Here you can see the output from an innocent “hey how are you” message:
And here you can see the affect of our guardrail blocking that potentially malicious command:
Summary
This post has introduced three different guardrail providers and shown examples of integrating each of them with Strands Agents via custom hooks.
It’s interesting that there isn’t a set standard for guardrails, and they always seem to require work to integrate with your apps/agents.
NVIDIA NeMo - Lots of learning required, difficult to get started, high barrier to entry but great customizability.
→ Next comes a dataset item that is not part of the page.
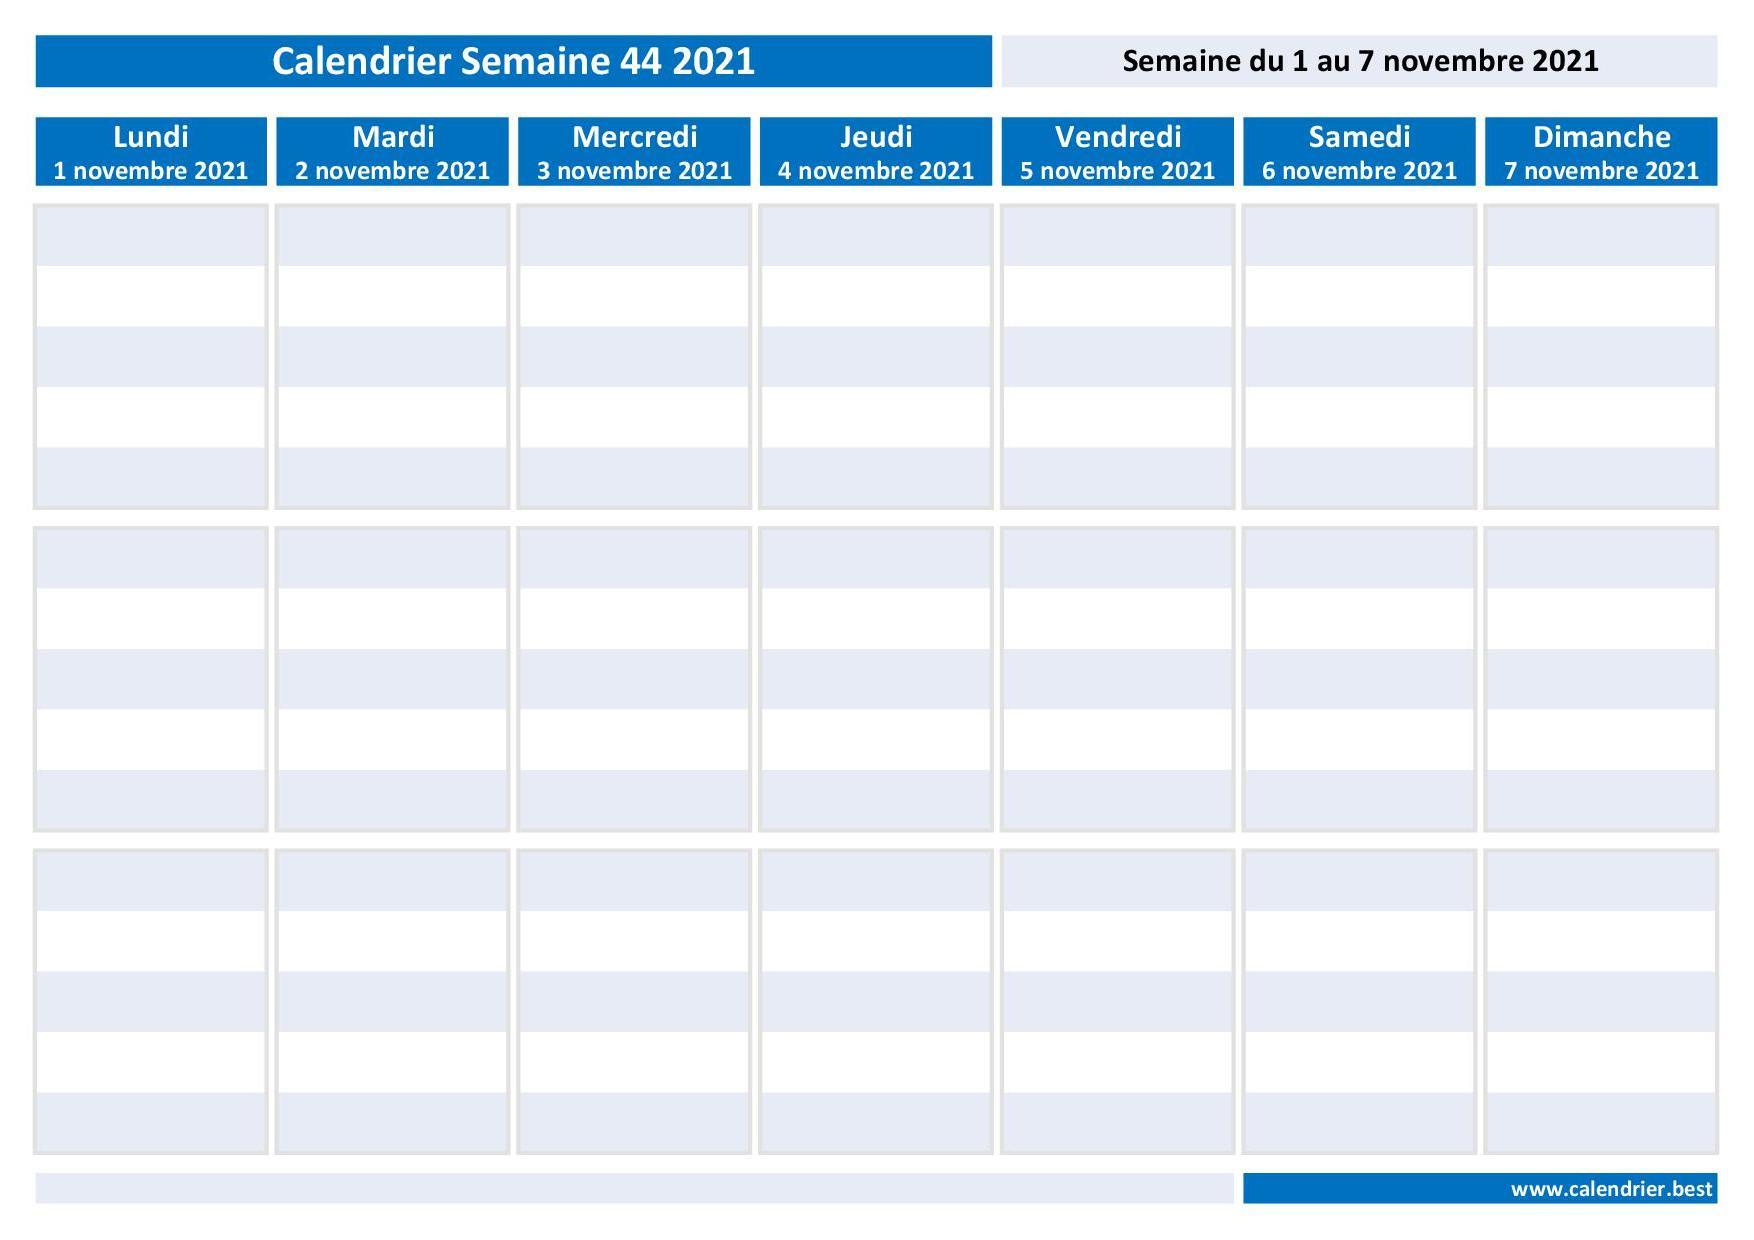 Semaine 44 2021 : dates, calendrier et planning hebdomadaire à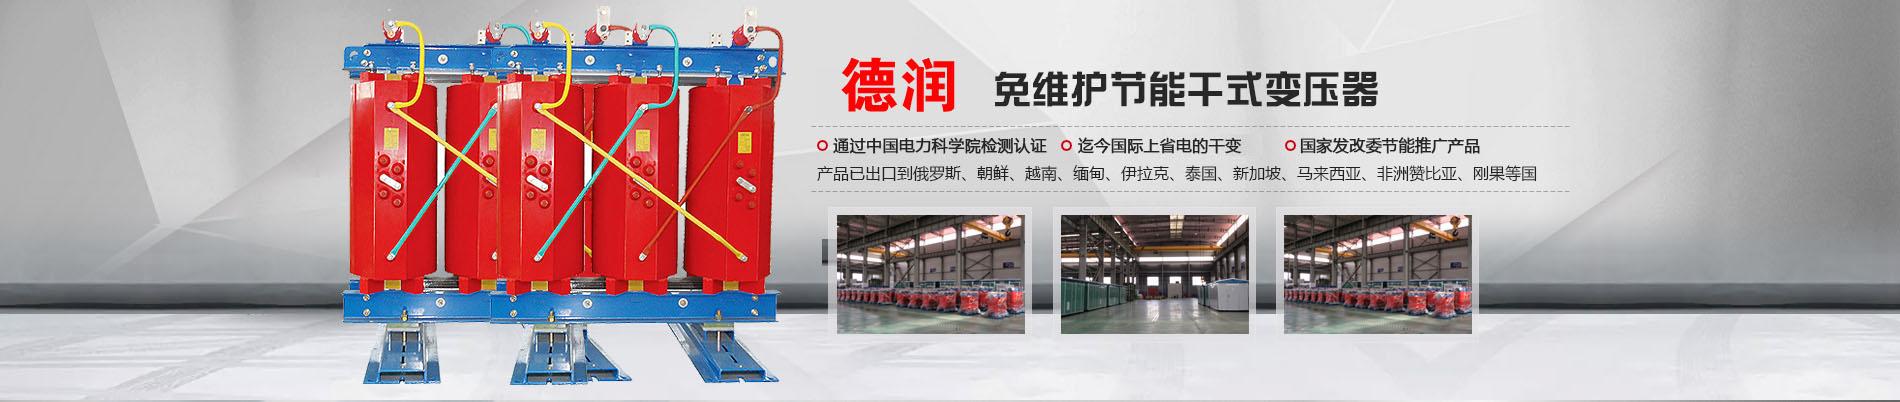 河南干式变压器厂家

It’s not ideal that I stand up my own server, but I think there are alternative deployment options.
GuardrailsAI - Very easy to get started, but I want slightly more visibility into the guardrails.
LLamaFirewall - A mix of the two. There is a good balance between customizability and out-of-the-box blocking, but I had to write a fair bit of code to get the messaging formats right, which is a bit of an overhead. However, the out-of-the-box checks for ScannerType.PROMPT_GUARD, ScannerType.REGEX, ScannerType.CODE_SHIELD, and ScannerType.HIDDEN_ASCII are incredibly powerful.
Out of the three, my favourite is probably Guardrails AI, although I don’t really like the ambiguity of the “hub”. I prefer transparency over the contents of the guardrails rather than them being somewhat of a black box. That being said, it really was just plug and play and had a significantly lower barrier to entry than the other products.
Strands Agents is still relatively new, and I hope that they integrate some cleaner and native support for sending hook payloads to these guardrails.